Keeping aside the existential threat to humans from the uncontrolled development of AI, this technology at large could also pose a risk to those whose work is repetitive and routine in nature such as sweeping, cleaning, washing dishes, etc. It can adversely affect the poor, disenfranchised and marginal groups in different parts of the world and they would only feel the impact slowly and inconspicuously.

Discriminative AI

In recent years, there has been a voice-activated technology revolution which is greatly affecting how a lot of people live in different parts of the world. Many applications these days use AI and machine learning algorithms that analyse large amounts of data to recognise patterns and make decisions on their own. It helps in identifying highly personalised preferences and in turn eases marketing efforts. Virtual assistants such as Apple’s Siri, Google Assistant and Amazon’s Alexa are powered by AI in recognising speech. Through the recognition of words in speech, AI helps Netflix suggest movies, Spotify recommend songs, and Amazon push product promotions.

Despite such advances, studies have shown that “for people with accents – even the regional lilts, dialects and drawls native to various parts of the United States – the artificially intelligent speakers can seem very different: inattentive, unresponsive, and even isolating”. It has been indicated that within the U S “the wave of the future has a bias problem, and it’s leaving them behind”.

In July 2018, the CNN published a report titled “AI is hurting people of colour and the poor. Experts want to fix that”. Heather Kelly, who was then with CNN Business, reported about how AI is contributing to greater racial bias and exclusion while also fundamentally changing the world. She also pointed out how “facial recognition software has trouble identifying women of colour” at the MIT Media Lab.

A similar study that year by The Washington Post, in collaboration with two research groups, looked at the problem of smart speakers’ accent imbalance by testing thousands of voice commands dictated by more than 100 people across nearly 20 cities. They found that the systems “showed notable disparities in how people from different parts of the U S are understood. People with Southern accents, for instance, were three per cent less likely to get accurate responses from a Google Home device than those with Western accents. And Alexa understood Midwest accents two per cent less than those from along the East Coast”.

The study also pointed out that “people who spoke Spanish as a first language, for instance, were understood six per cent less often than people who grew up around California or Washington, where the tech giants are based”. Another investigation conducted by ProPublica also revealed that “software used to sentence criminals is biased against black Americans”.
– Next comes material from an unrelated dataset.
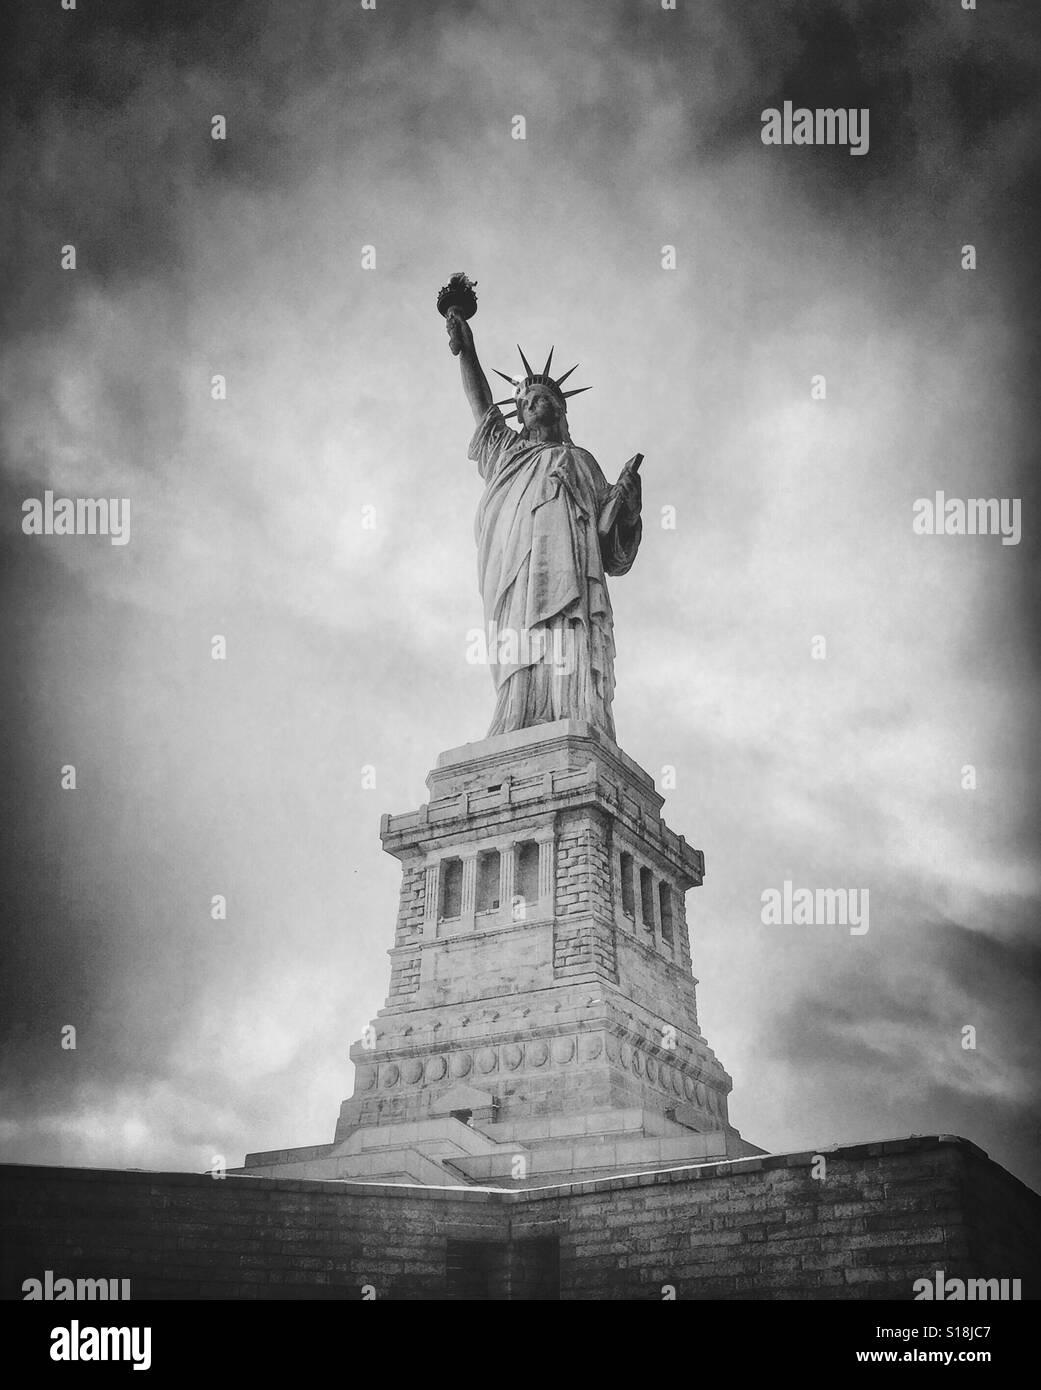 Freiheitsstatue - New York - super Fine Art-Fotografie Stockbild

The world today, including developing and underdeveloped countries, is being invaded by smart home technologies, which use virtual assistants. In attempting to command the virtual assistant, communication must be made in a dominant language only, otherwise it fails to recognise the command. It can lead to two things in order to use such applications. First, users from marginal communities need to learn dominant languages. Second, the accent has to be imitated for the proper recognition of the command. It will undoubtedly result in increasing homogenisation of languages and accent neutralisation.

Endangered languages in North-east India

On 19 February 2009, the United Nations Educational, Scientific and Cultural Organisation launched the electronic version of the new edition of its “Atlas of the World’s Languages in Danger”. The interactive digital tool provides updated data about approximately 2,500 endangered languages across the world and can be continuously supplemented, corrected and updated by users. They are further classified into vulnerable, definitely endangered, severely endangered and critically endangered languages. In a few years, many critically endangered languages will become extinct if appropriate measures are not taken to preserve them.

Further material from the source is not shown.